The owners of the English Premier League clubs that attempted to join the Super League were not content with that either. In English football there is a notion that a “big six” exists –– Arsenal, Chelsea, Manchester City, Manchester United, Tottenham and Liverpool. These clubs are the six biggest clubs in England, and historically have topped the English standings each season. All have massive stadiums and budgets, compete to sign the biggest players and strive to compete in the Champions League to reap the big payout that comes with earning the qualification. However, there are only four spots for English teams in the Champions League. This means that qualifying is not a given, and is far from easy. And should a pesky startup like Leicester City or West Ham United earn one of these four spots, the big clubs would face significant financial losses from missing out. 

As of right now Leicester occupies the third spot, and West Ham is in fifth place.

To neutralize the threat of non-qualification and financial loss, the owners of the “big six” clubs decided to team up and join this proposed Super League so they are guaranteed the revenue streams of big matches every year. The Super League would have allowed other teams to qualify with the threat of relegation, with the caveat that the 12 founding clubs would be immune to relegation. 

The other six Super League members consisted of three clubs from Italy and three from Spain. Both the Spanish and Italian domestic leagues award four Champions League spots. Due to the lesser competition in their leagues, it’s rare for any of these six clubs to fail to qualify for the Champions League. So why did they join the Super League? 

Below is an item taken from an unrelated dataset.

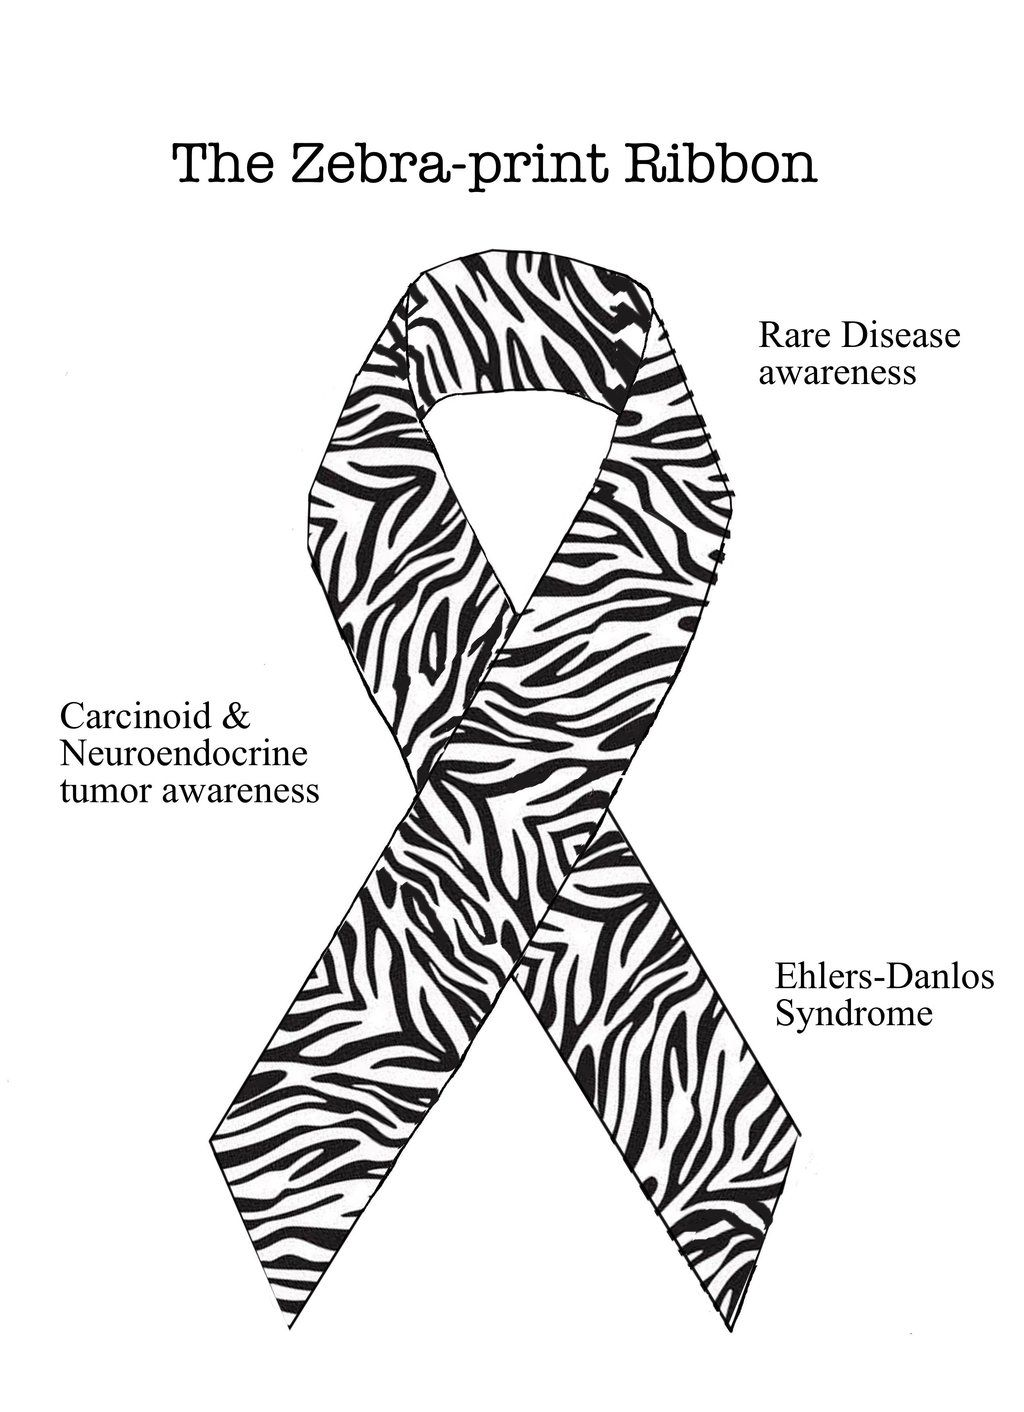 zebra ribbon rare disease awareness we get zebra pins every

The simple answer is money. 

Barcelona and Real Madrid, –– two of the three Super League clubs from Spain ––  are in massive amounts of debt and hoped a new, lucrative league could dig them out of their self-created holes. Their reckless spending and poor management makes the Super League an appetizing proposition; it would have been a quick fix to solve some of their debt. These two desperate clubs are the only clubs that have not formally pulled out of the Super League to date. =

The Super League would generate massive amounts of money for the participating clubs in it and create a monopoly for them. The TV deals, sponsors, and all the big money around the sport would go funnel back into the Super League. However, the league would in turn siphon revenue from participants’ domestic leagues.  

A Super League would cause a trickle-down effect that would devalue clubs in the top division of each country. With all media focus on the heavyweight match-ups of the Super League, big clubs and spectators alike are disincentivized from caring about domestic competitions within their countries. In turn, domestic sponsors, TV deals, tickets and everything else would lose value as a result of the decreased competitive intrigue. This would ultimately really hurt smaller local clubs who were already struggling financially because of the pandemic.

This trickle-down would affect the lowest-level clubs too. Lower-league clubs in Europe rely on money generated from the highest leagues to survive. For small clubs, the matchday revenue from facing a big team helps create the infrastructure for developing young players and covering expenses. 

Many smaller clubs would go out of business, causing jobs to be lost for many in each of these countries. 

In simple terms, this is a “rich get richer” scenario which could cause poor teams to get poorer. 

Fans of all the big clubs realize the value that smaller leagues and clubs bring to the game of football, which is one of the many reasons why this outrage occurred. 

As of right now, Real Madrid’s owner is still trying to keep the Super League alive, but the move seems desperate. The Super League will not happen anytime soon because the fans stood up for themselves in a huge win for the common folk against the big billionaire businessman.